This week's Dog Ears feature a crowdsourcing project I might actually be able to get behind, as well as yet another example of a book deal gone horribly wrong:

Tuesday, December 28, 2010

Killing Time Online: Gladwell.com

A-ha!  I should have known Malcolm Gladwell would have blog.  I looooove the internet.

The Myth of Genius and Youth

As some of you may know, I find the cultural assumptions surrounding the idea of genius to be fascinating--what we think about the appearance of genius, what we assume about it, and who we think has it.  Therefore, I was predisposed to enjoy Malcolm Gladwell's "Late Bloomers: Why Do We Equate Genius with Precocity?"

Gladwell explores the difference between early-onset genius and late blooming genius, noting,  "Genius, in the popular conception, is inextricably tied up with precocity--doing something truly creative, we're inclined to think, requires the freshness and exuberance of youth."  When we think of genius, we imagine Beethoven publishing his first composition at 13, or John Keats, whose poetry was published at age 21. 

Gladwell, however, points out that this is just one type of "genius,"   referencing David Galenson's work, a University of Chicago economist, who polled literary scholars to find out which poems were, in their opinions, most important to American literary canon.  Galenson then traced how old the poets were when those poems were created.  He found no connection between the "best" poems and youth, instead defining two types of creativity: conceptual (in which a person immediately finds his or her own particular brand of genius) and experimental (in which a person experiments for years and years before finally "discovering" this genius).

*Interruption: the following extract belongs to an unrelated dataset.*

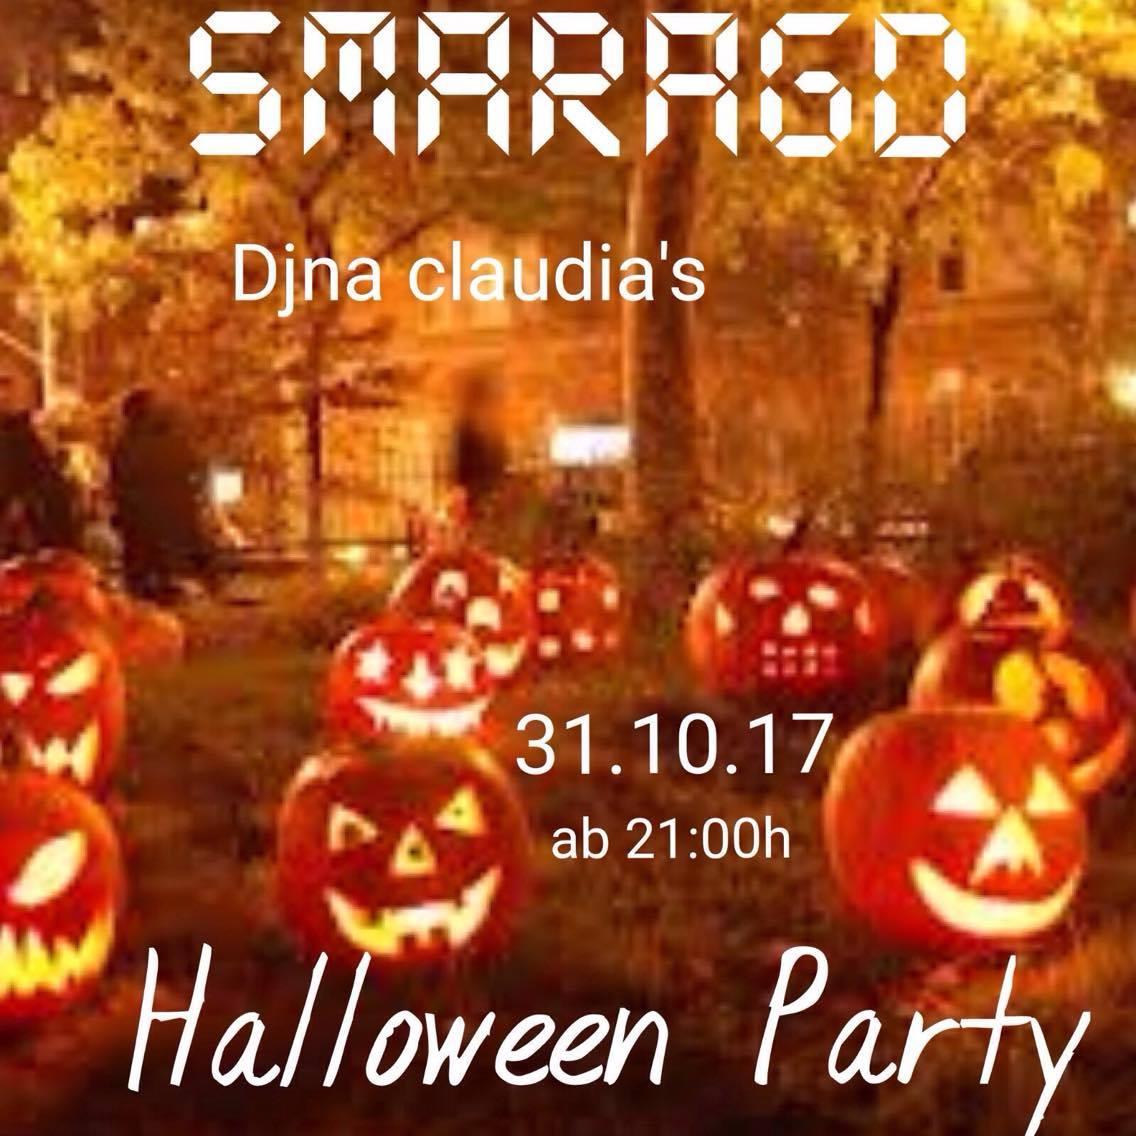 Cultur Cafe Smaragd Linz-Event-Halloween Party

What gives me (and probably anyone else who has ever aspired to create something new and fresh) both hope and a bit of consternation, however, is this: "On the road to great achievement, the late bloomer will resemble a failure: while the late bloomer is revisiting and despairing and changing course and slashing canvases to ribbons after months or years, what he or she produces will look like the kind of thing produced by the artist who will never bloom at all."  It is only by putting in years of hard work that one can discover he or she is just spinning the wheels of creativity, or whether discovery is just around the corner.

It kind of makes me wish I was still working on my various novels.  I'm never going to discover my genius without them.

Monday, December 27, 2010

Hardback Laptops

Hey, you!  Want a cool book cover for your MacBook or iPad ?  Here you go.

(Unfortunately I'm not hip enough to own a MacBook, but I'm sorely tempted to get one for my Vaio, despite the lack of a guarantee.)

Sunday, December 26, 2010

Verily...

It's not often you find Chaucer-era jokes in today's culture of reality TV and plastic surgery, so even though this isn't technically literary, I'm still stealing it.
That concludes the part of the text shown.